[Data block — start]
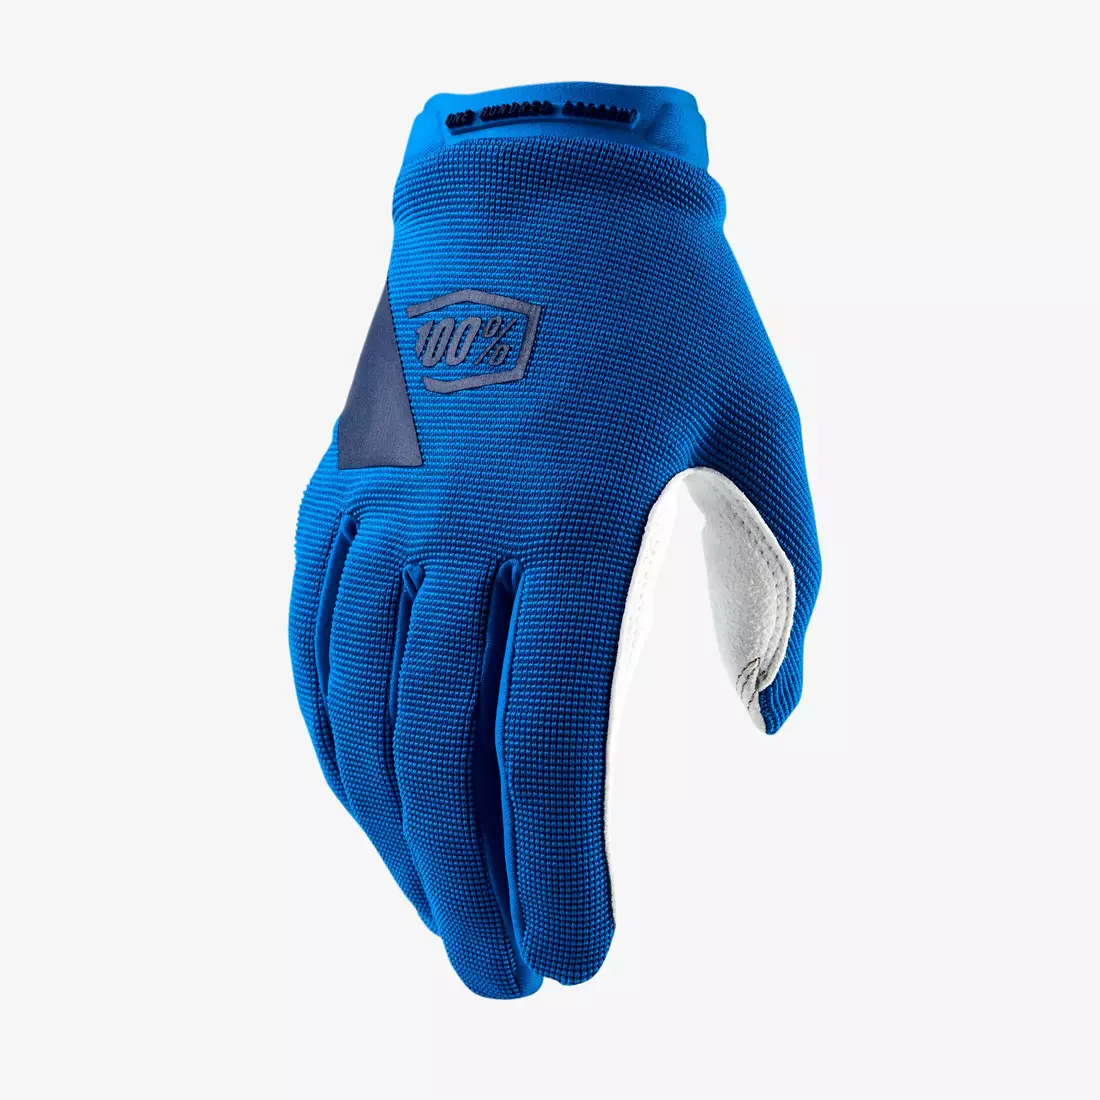 100% damskie rękawiczki rowerowe ridecamp niebieskie STO-11018-002-10
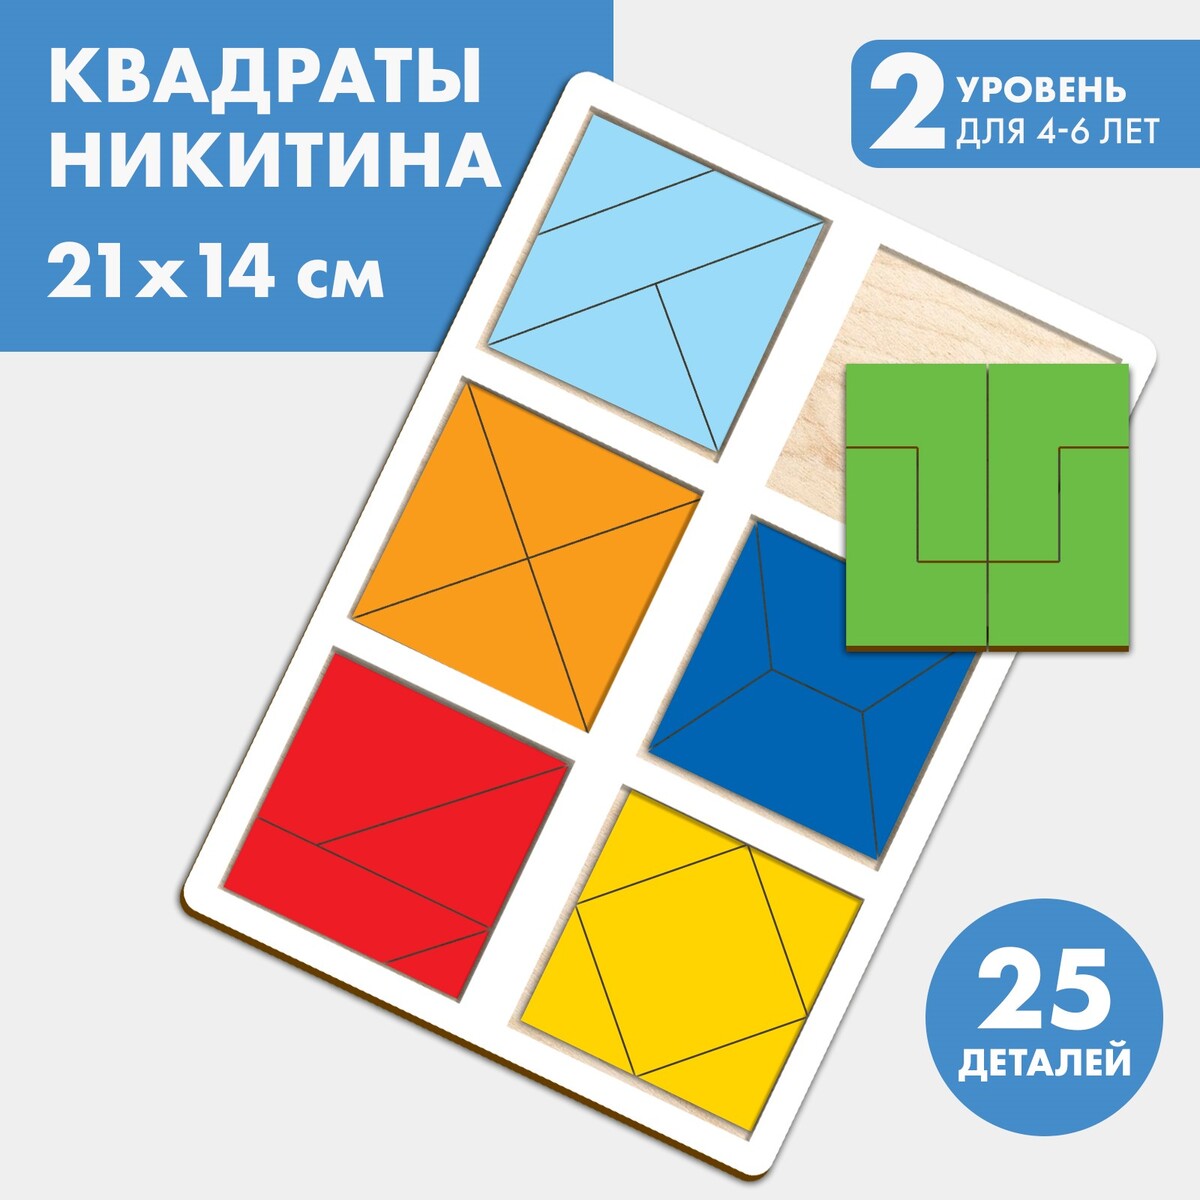 Квадраты 2 уровень, 6 квадратов квадраты никитина 3 уровня 6 квадратов бизиборды
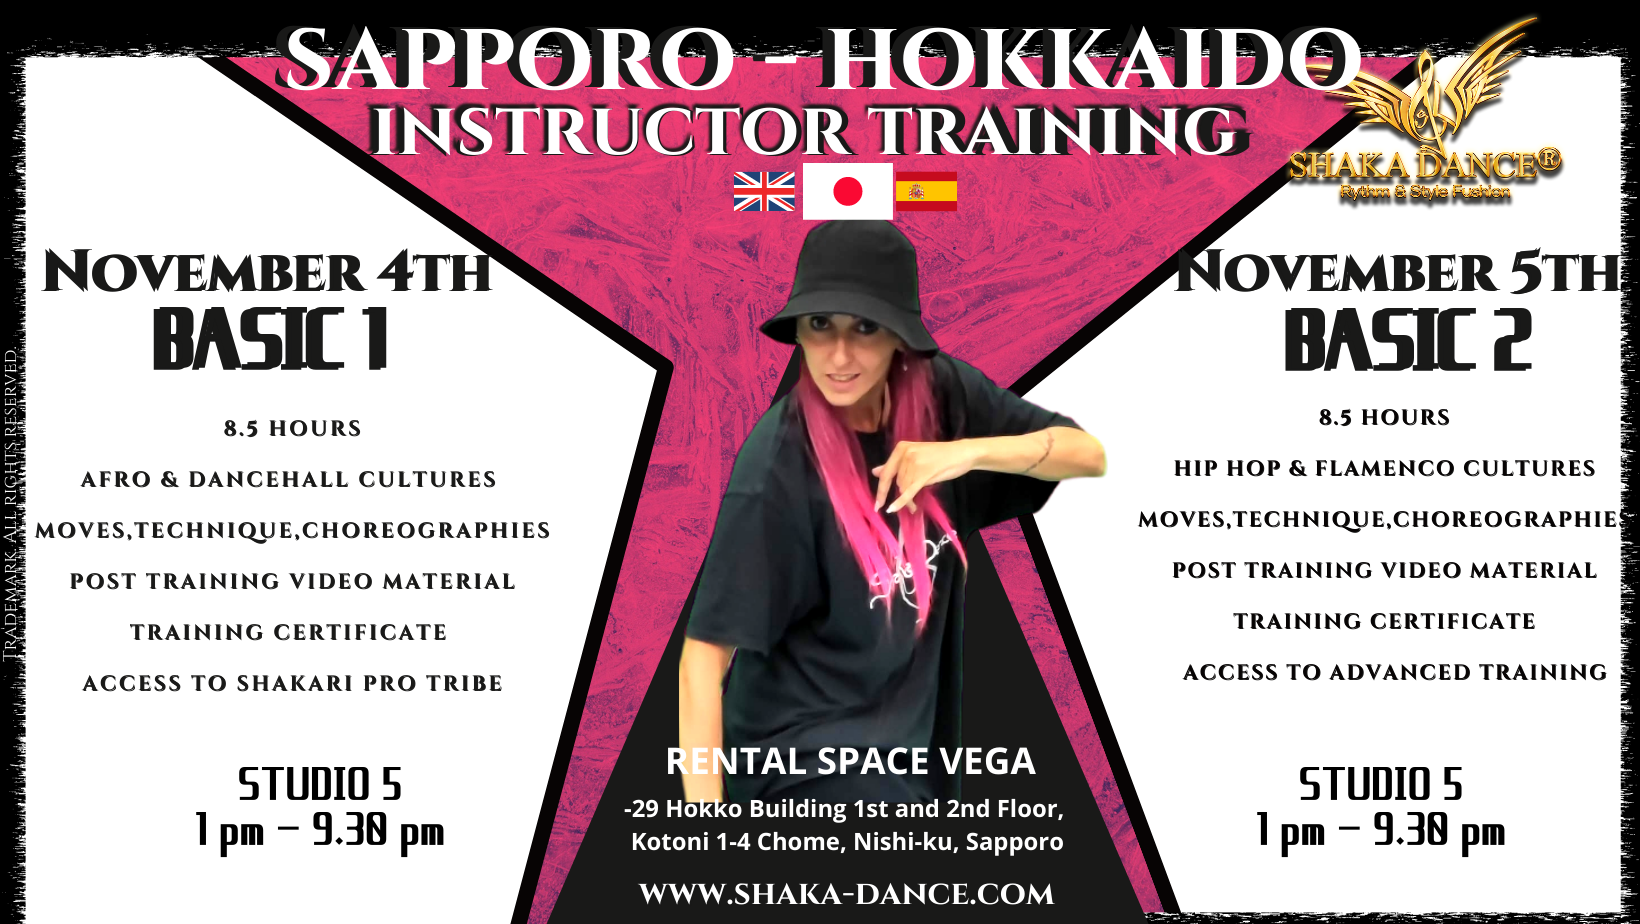 SHAKA DANCE® INSTRUCTOR TRAINING SAPPORO-HOKKAIDO ( B1 & B2)
[Data block — finish]
## Required action
With the images excluded, reproduce the data above precisely as written.

## Written answer
 100% damskie rękawiczki rowerowe ridecamp niebieskie STO-11018-002-10
 Квадраты 2 уровень, 6 квадратов квадраты никитина 3 уровня 6 квадратов бизиборды
 SHAKA DANCE® INSTRUCTOR TRAINING SAPPORO-HOKKAIDO ( B1 & B2)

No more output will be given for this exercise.